Но я вернулся, и с тех пор возвращаюсь
снова и снова. Если посчитать – я приезжал в Израиль 31 раз. Приезжая,
я оставался здесь на разное время. Я купил тут дом, работал в организациях,
находящихся на севере и на юге, интенсивно переписывался с друзьями на
иврите и на английском. Почти все члены моей семьи сделали алию. Я нашел
добрых друзей в деловых, научных и профессиональных кругах, а также среди
людей искусства. У меня не возникало проблем с общением на израильских
улицах. Я обошел пешком и объездил на велосипеде всю страну. Я обозревал
ее с воздуха и видел ее с моря.
Но, несмотря на все это, сущность страны
всегда ускользала от меня. Я никогда не служил в израильской армии, я не
имел никаких отношений с израильским правительством, кроме уплаты налогов,
мне не приходилось испытывать неудобств от постоянного общения с водителями
израильских автобусов – и поэтому я считаю себя всего лишь регулярно приезжающим
сюда туристом. И хотя все здесь мне знакомо, есть в Израиле нечто неопределимое,
чего я никак не могу ухватить.
Мое тридцать второе посещение Израиля оказалось
визитом в страну, находящуюся в состоянии войны. Как отметил недавно Уильям
Сафир (один из известнейших американских журналистов – Прим. перев.), нет
лучшего момента для оценки характера человека или народа, чем время, когда
он находится в состоянии стресса. Поэтому я решил посетить все районы,
в которых люди испытывают стресс. Во время этого двухнедельного путешествия
я побывал в местах, которые, вообще говоря, не намеревался посещать, и
познакомился с людьми, с которыми не намеревался встречаться. Дневник,
который предлагается вашему вниманию, является записью впечатлений, обрывков
разговоров, картинок и звуков, позволивших мне взглянуть немного поглубже
на страну, находящуся в борьбе.
Но хочу сразу предупредить. Я не пытаюсь
изображать из себя беспристрастного наблюдателя. Я подходил к предмету
своего интереса с позиции, уже окрашенной моей тесной идентификацией с
борьбой тех, с кем я разговаривал. Тем не менее, дневник мой – это попытка
проникнуть в суть народа Израиля и понять, как израильтяне реагируют на
войну, к которой они оказались не готовы. Я надеюсь, что он поможет читателям
узнать для себя нечто новое.
ПОХОРОНЫ В ИТАМАРЕ.
Итамар – это одно из тех, расположенных
на холмах Самарии, поселений, которые часто показывают по телевидению.
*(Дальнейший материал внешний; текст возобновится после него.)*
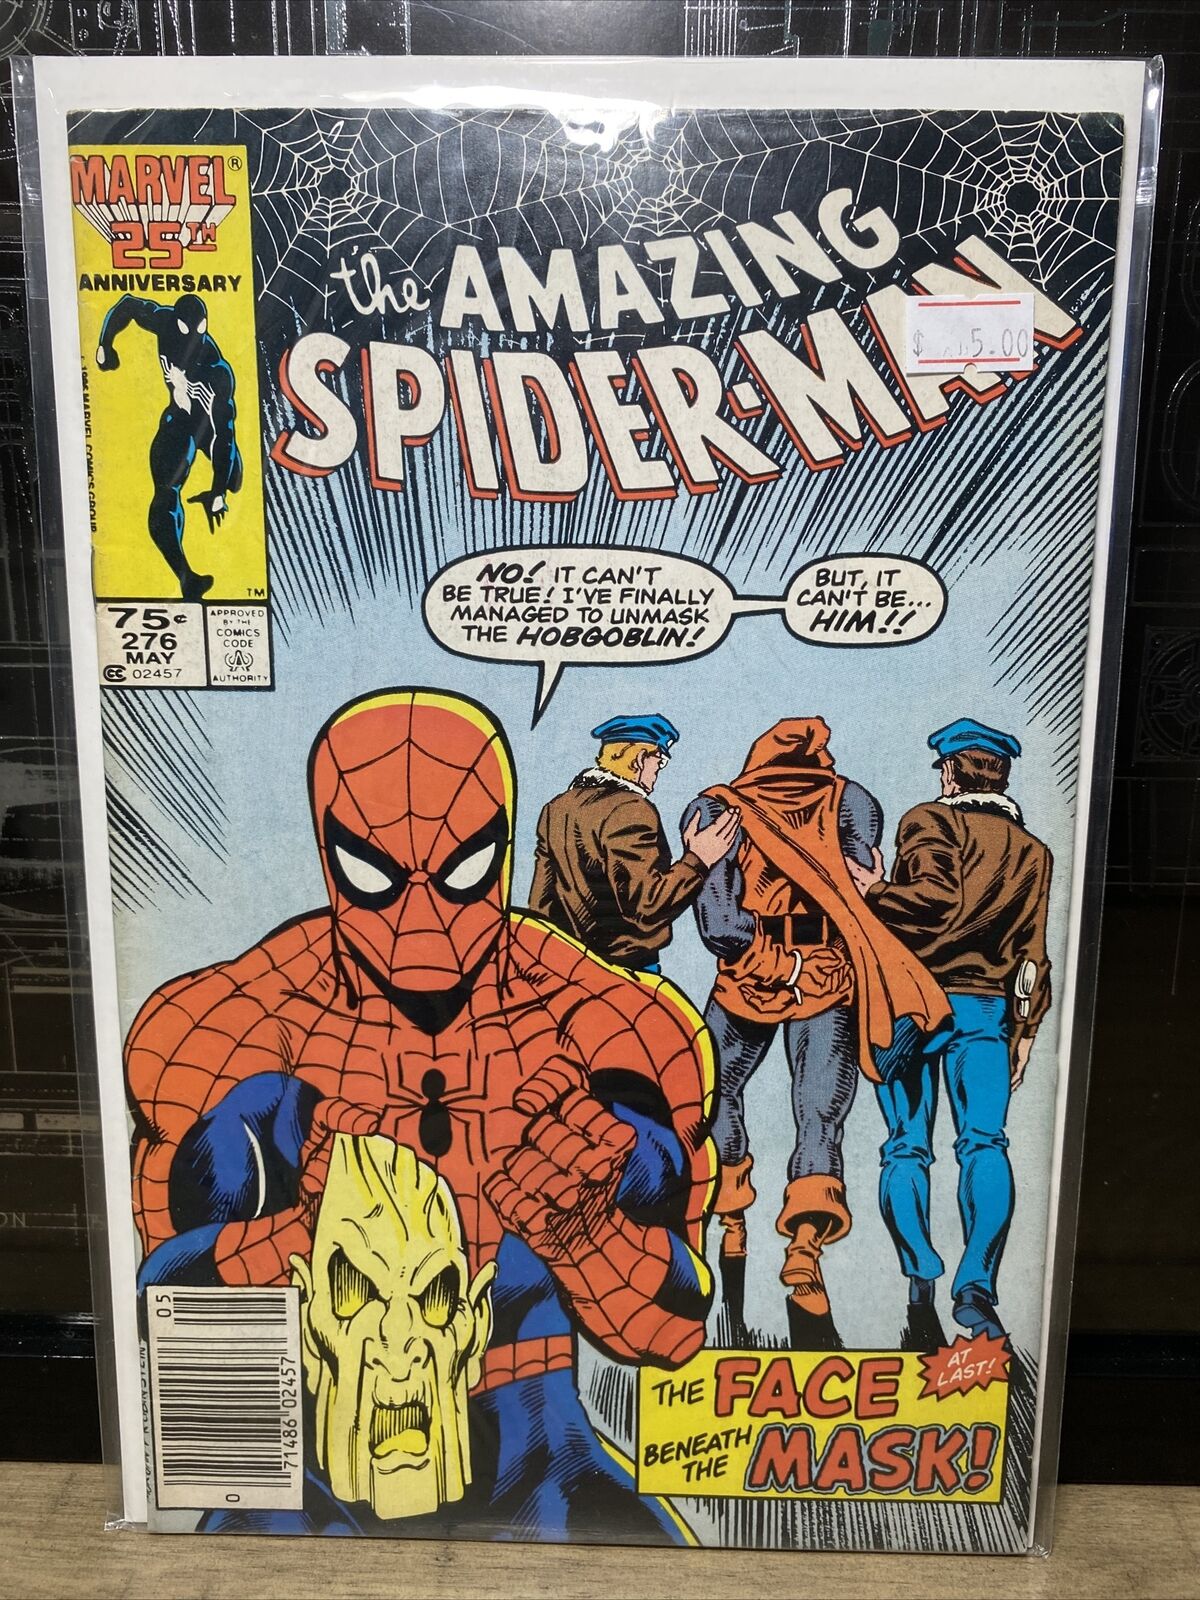 Marvel Comics AMAZING SPIDER-MAN #276 FN 1986 HOBGOBLIN Gemini Shipping

Гроздь караванов, прилепившихся к обнаженному склону холма, окруженного
большими арабскими деревнями, которые расположились в низинах. Но Итамар,
на самом деле, нечто большее, чем просто одно поселение. Это цепь из нескольких
групп домов, протянувшихся вдоль гребня холмов длиной в три мили, который
заканчивается на востоке холмом, нависающим над долиной Иордана. Я приехал
в Итамар, чтобы принять участие в похоронах Меира Ликсемберга, жителя Итамара,
который был убит накануне по дороге домой из близ расположенного города
Элон Море. Ему было 35 лет, и он был отцом пятерых детей. Свыше 2500 человек
собралось со всей страны для участия в похоронах. Автобусы с севера и с
юга прибывали один за другим. В этот безоблачный летний день оратор за
оратором поднимались на импровизированный помост, и многие из них не могли
сдержать слез. Они рассказывали о спокойном человеке, глубоко преданном
своей семье и своей общине, учителе, который был одним из ключевых членов
группы безопасности их поселения. Члены его семьи сидели, склонив головы,
вокруг носилок с телом; некоторые из младших детей явно не совсем понимали,
что происходит.
Толпа двинулась вслед за носилками к кладбищу,
расположенному примерно в миле за оградой поселения. Это были первые похороны
за 15-летнюю историю поселения – признак относительной молодости его жителей.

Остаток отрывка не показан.